Dostoyevsky: Poor Folk - Communication Breakdown


Every journey begins with a single step someone once said. This unusual piece of prose was Fyodor D's first "novel" and for the record this is the first one of Dostoyevsky I have read in full. I tried the Brothers Karamazov when I was 17 but I was too too young and couldnt get past the first few chapters.

The form of this (pretty short) work is a set of letters between two people - an older man employed as a copyist a fairly low role within the burgeoning Russian civil service and an impoverished young woman once from a relatively privileged background. What is their relationship - well it is familial at a distance they seem to be second cousins but is it more: lovers, future partners?

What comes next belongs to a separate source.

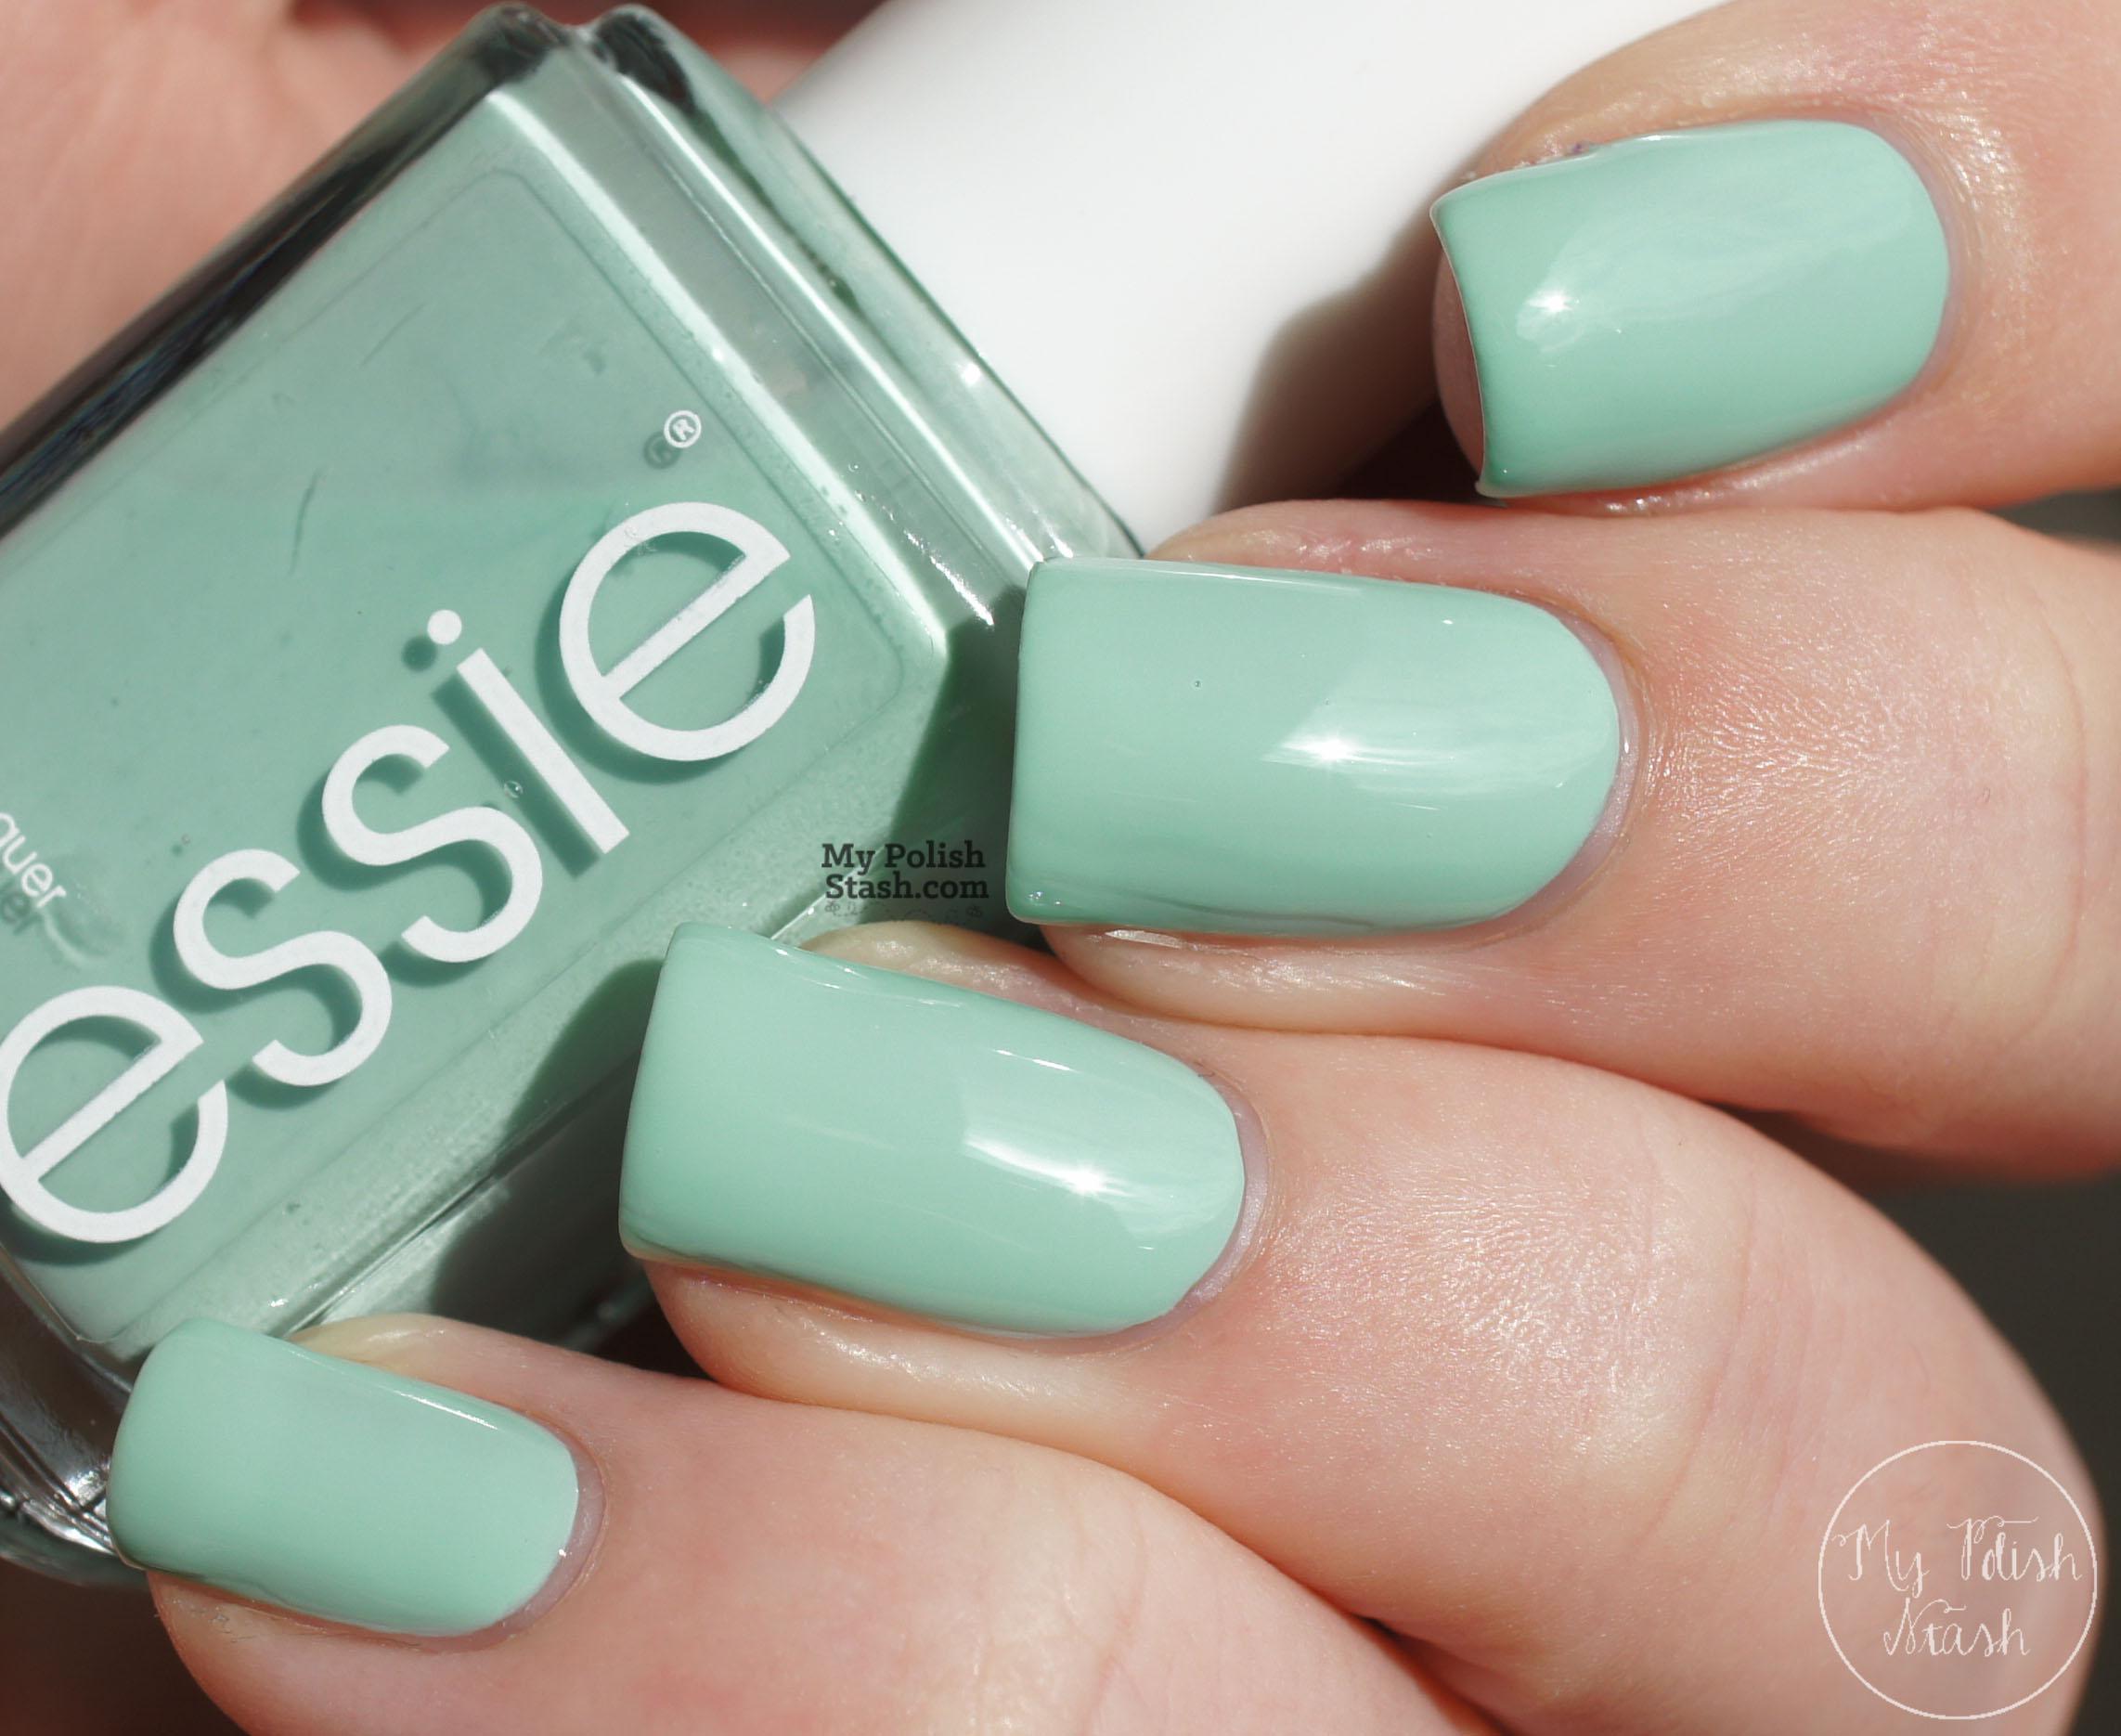 My Polish Stash: [Spring Favorites] Essie - Mint Candy Apple

This chamber piece has limitations - indeed I think about 120 pages is about as far as you can take the forms of two letters between two narrators, unreliable or otherwise. Other novels which use letters usually break down more into a narration of events as a third party or protagonist - Wuthering Heights from memory does this and much more recently White Tiger.

It doesn't help that both characters are very pathetic, in the literal sense of the word, the male Makar is a balding, occasionally heavy drinking, in debted individual. Varenka is an ailing abandoned soul open to abuse and manipulation from richer people. Both lived in cramped penury in the urban setting of St. Petersburg - opposite each other: this is what leads to their communication. So their missives are not full of laughs!

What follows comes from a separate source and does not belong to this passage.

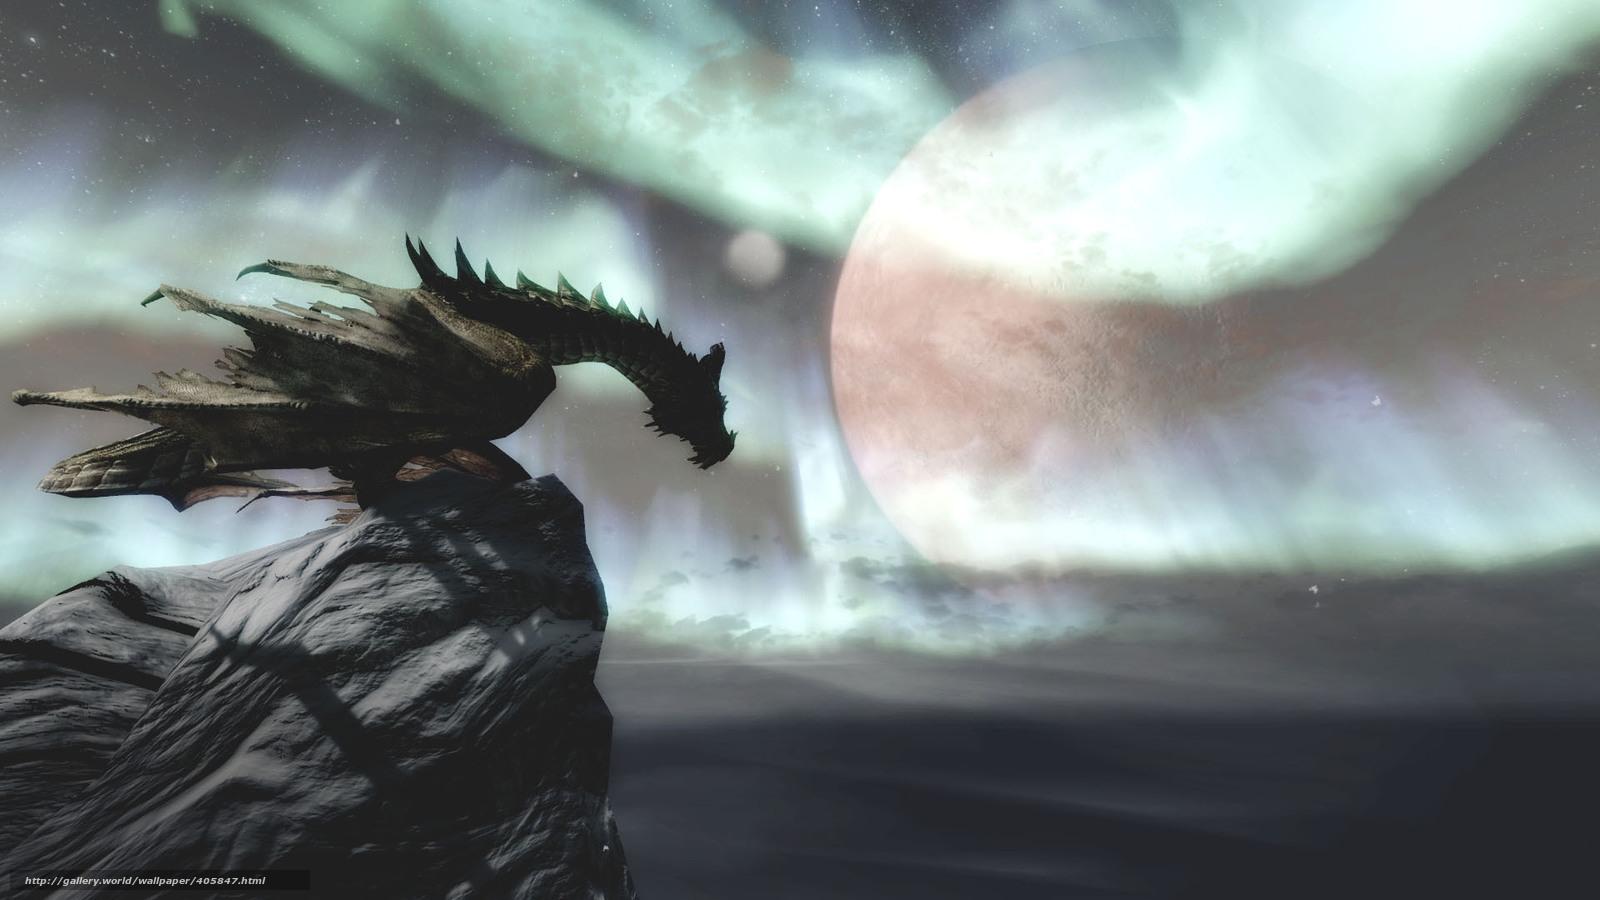 Download wallpaper Skyrim dragon game desktop wallpaper in 1600x900

Varenka, almost inevitably, by the end is married off to a brutal landowner who wants to hide her away in the Russian countryside. This leaves Makar devastated in a final sad letter to her he states: "I write only in order to write, only in order to write as much as possible to you". But even this is unusual. One doesnt get the sense that this is a great romantic tryst broken by the needs of feudal society and property - a common theme in 18th/19th Century literature - Jane Austen, the Brontes et al.
Makar is a pretty sad character who never gives a sense of being a romantic partner of Varenka. He continually calls her little mother, for example. He is self indulgent in a very male way in his tone particularly after drinking escapades or trying to borrow money - FD does this brilliantly - subservient to his masters but torn by his very real poverty: not a great catch for Varenka!

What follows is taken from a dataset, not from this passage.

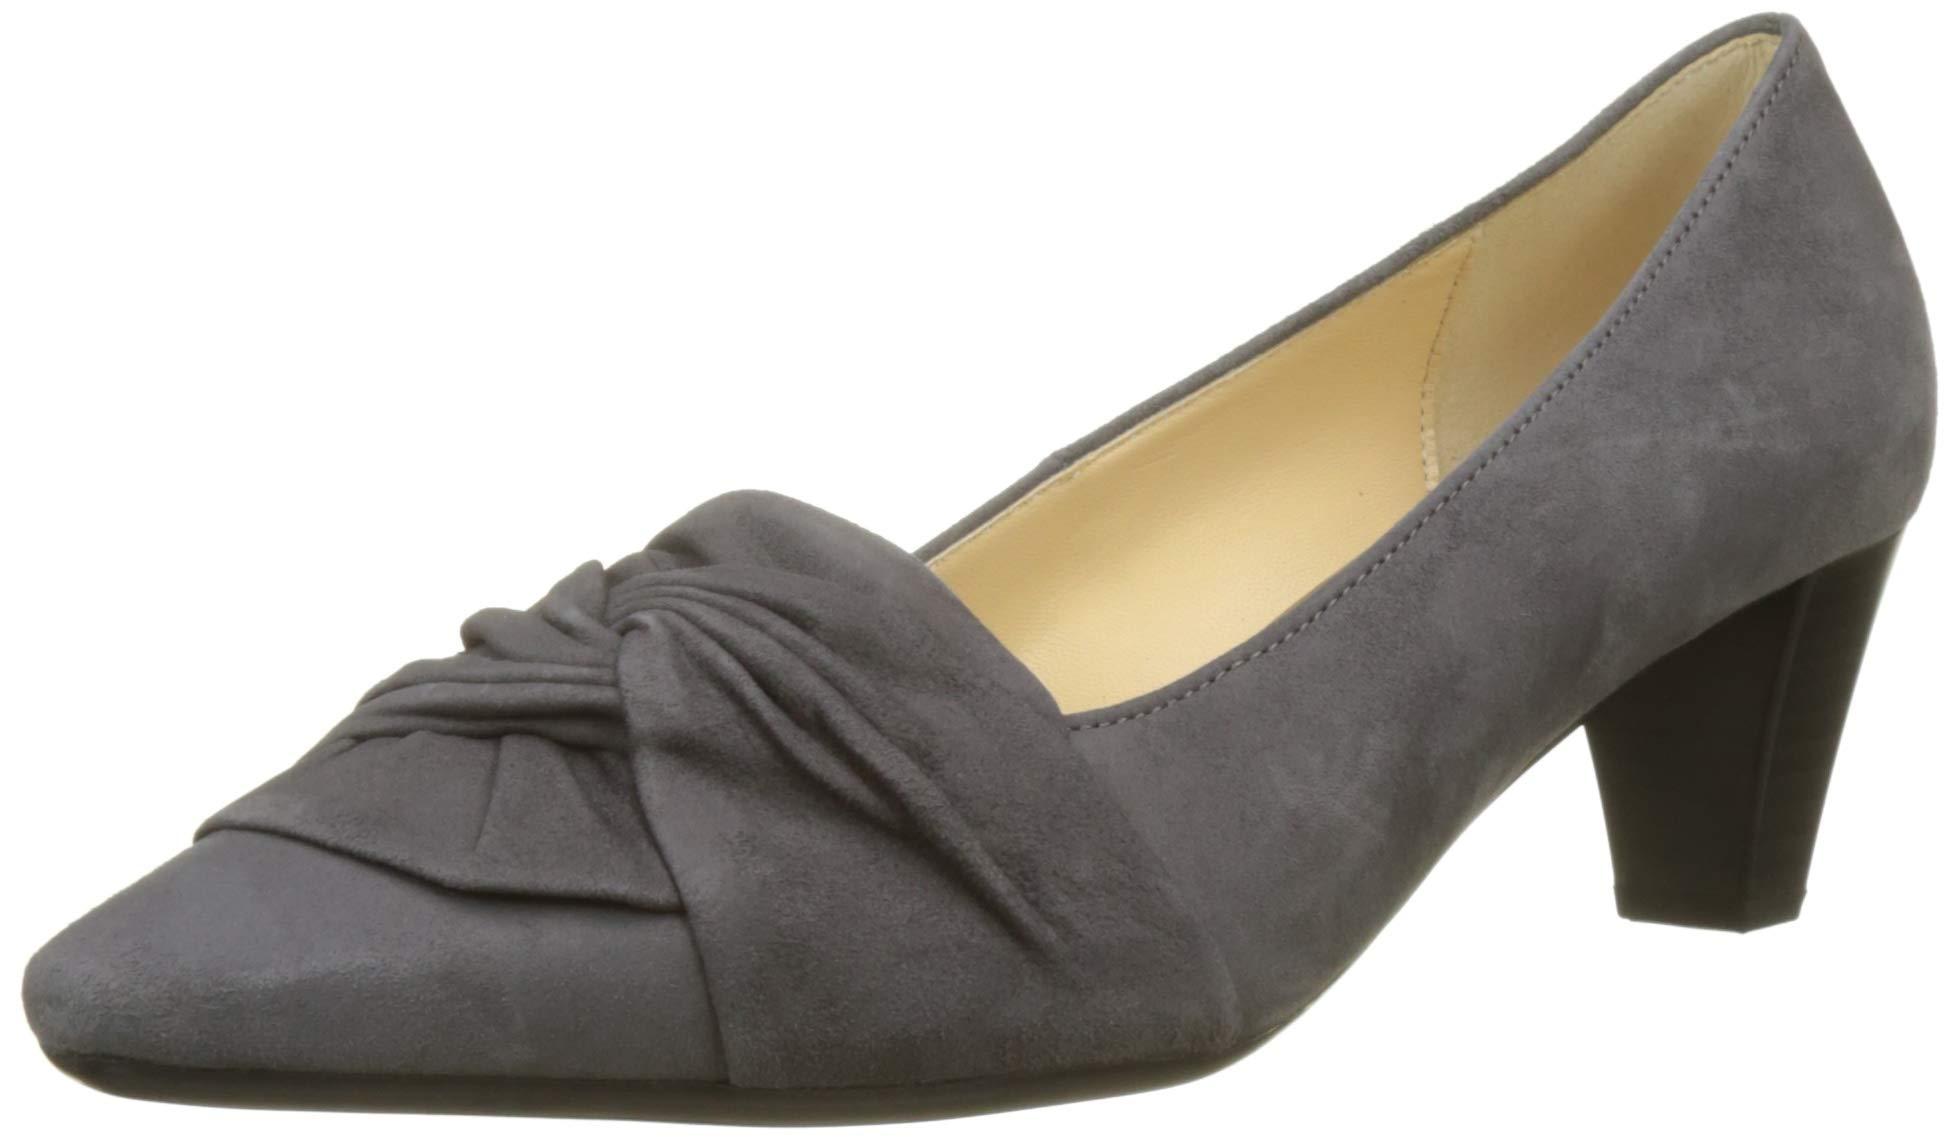 grey FemmeGrisdark 1938 Gabor BasicEscarpins Shoes Eu W2IH9eDEY

So not a doomed love story, definitely not. What it is though , which surprised me, is very contemporary (for its time). It explores the static nature of Russian feudalism - which in a sense both characters are victims of - where everyone has their station from which there is no escape. Everything that happens is because of God's will - nothing can be challenged. What is innovative is that this is done from two "urban" characters rather from the serf's perspective which FD was very pre-occupied with in the 1840s.

Urban landscapes are also central - the crowded nature: people living on top of each other; sharing (unwillingly) their most intimate moments - love and death. Compared to Austen where her romances take place in vast spaces - country estates and houses. The claustrophobia here is palpable.

But also, and perhaps most importantly for the author the work explores contemporary literature. Apparently it is very influenced by Gogol which I have not read, in particular a story called the overcoat. In one very funny communication Makar takes personal offence when Varenka sends him this work to read as he identifies so closely with it - stating "I am going to register a complaint". Pushkin is also central - in a moving piece Varenka writes how in her past she searches for a complete works of Pushkin to buy for her first love (also doomed) but allows the boy's impoverished father to say he bought them. French and English lit also get mentions in passing.

So you could say that this novel is about novels albeit this is not clearly stated - the quote at the beginning of the work talks of the power of fiction. And I suppose in the 19th Century the novel was finding its form - which FD was going to spend his life working on.

Others saw it in other ways - it was thought of as Utopian Socialist - with its vision of poverty and its implied critique of the ruling elite. FD was going to do 5 years hard labour for such thoughts in a short amount of time. I think that is there but its lasting significance comes from its other elements. He was also only 26 when he wrote this an incredible fact in itself.

So a lot in 120 pages! And a good signpost for a future journey through FD's work.